Nov 10 05:35:15 master systemd[1]: kubelet.service: main process exited, code=exited, status=1/FAILURE
Nov 10 05:35:15 master systemd[1]: Unit kubelet.service entered failed state.
Nov 10 05:35:15 master systemd[1]: kubelet.service failed.
The key point in logs misconfiguration: kubelet cgroup driver: "systemd" is different from docker cgroup driver: "cgroupfs"
Make sure that the cgroup driver used by kubelet is the same as the one used by Docker.

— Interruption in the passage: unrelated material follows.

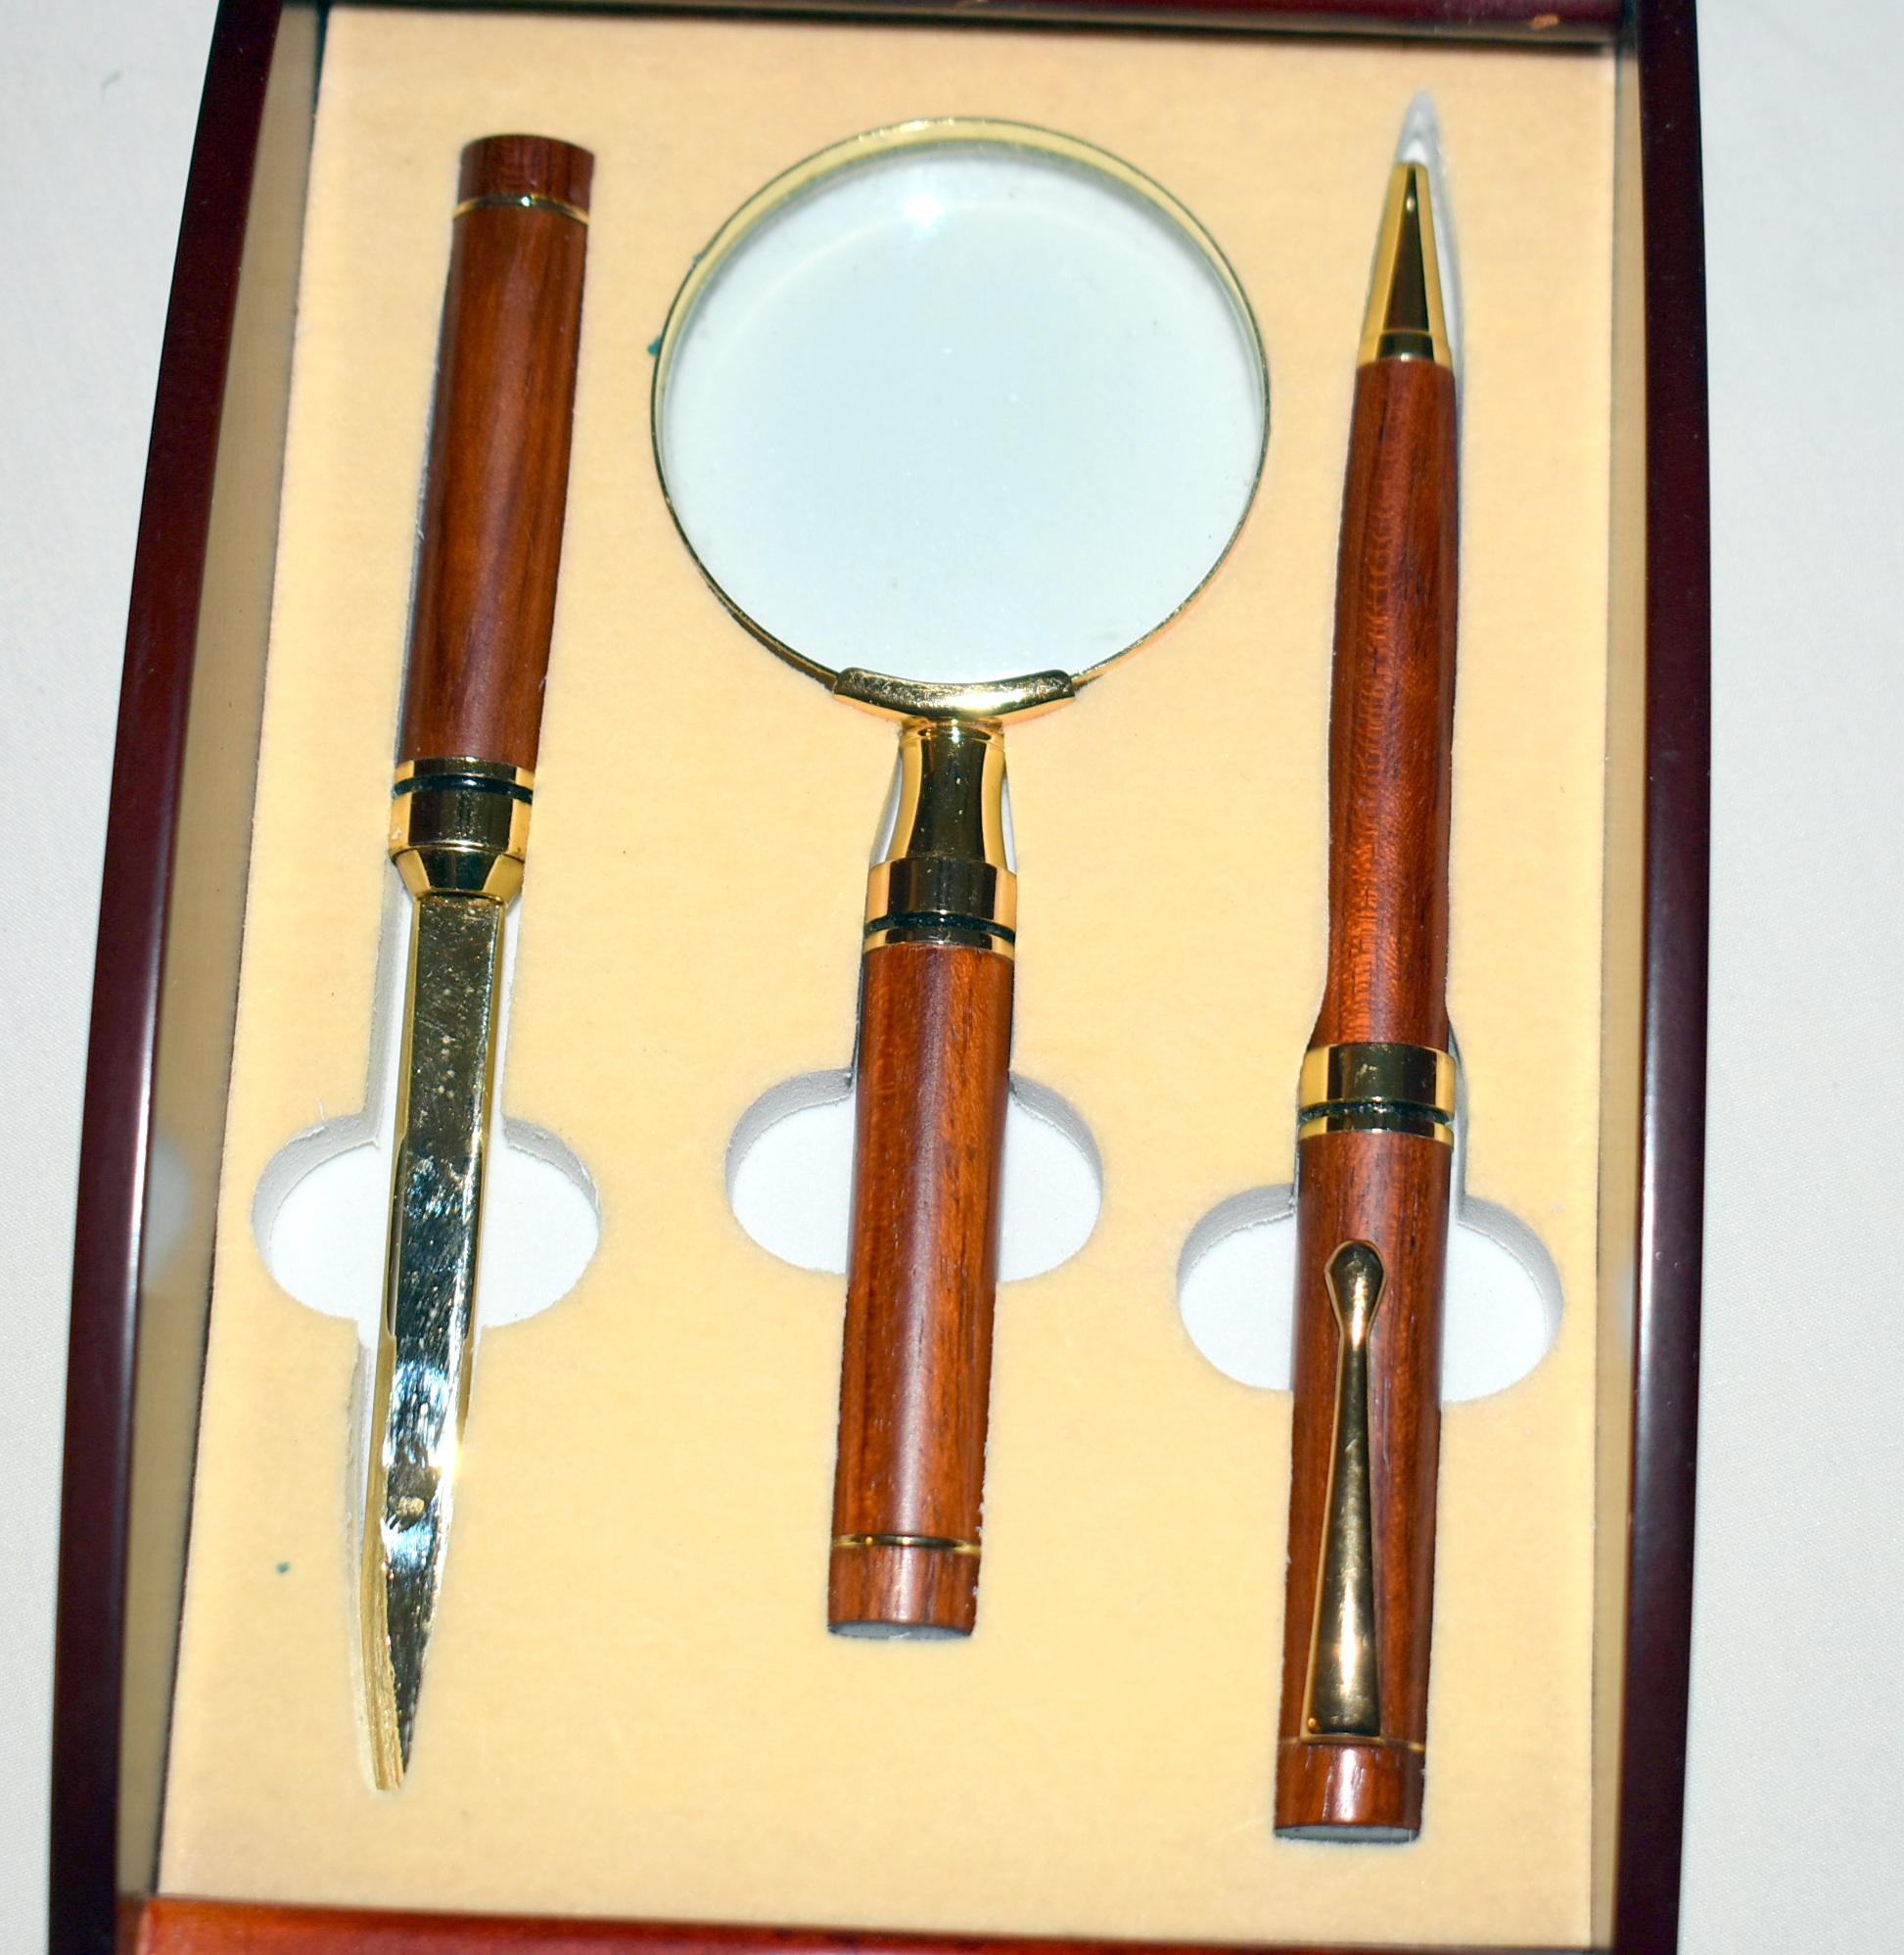 INK PEN SET IN DELUXE WOODEN CASE, INK PENS, DESK CADDY, AND MORE,

To ensure compatability you can either update Docker, or ensure the --cgroup-driver kubelet flag is set to the same value as Docker (e.g. cgroupfs)
-- Installing kubeadm
Either update Docker to use systemd
cat << EOF > /etc/docker/daemon.json
{
"exec-opts": ["native.cgroupdriver=systemd"]
}
EOF
And restart docker service.
Or update kubelet to use cgroupfs
sed -i -E 's/--cgroup-driver=systemd/--cgroup-driver=cgroupfs/' /etc/systemd/system/kubelet.service.d/10-kubeadm.conf
And restart the kubelet by systemctl restart kubelet.service.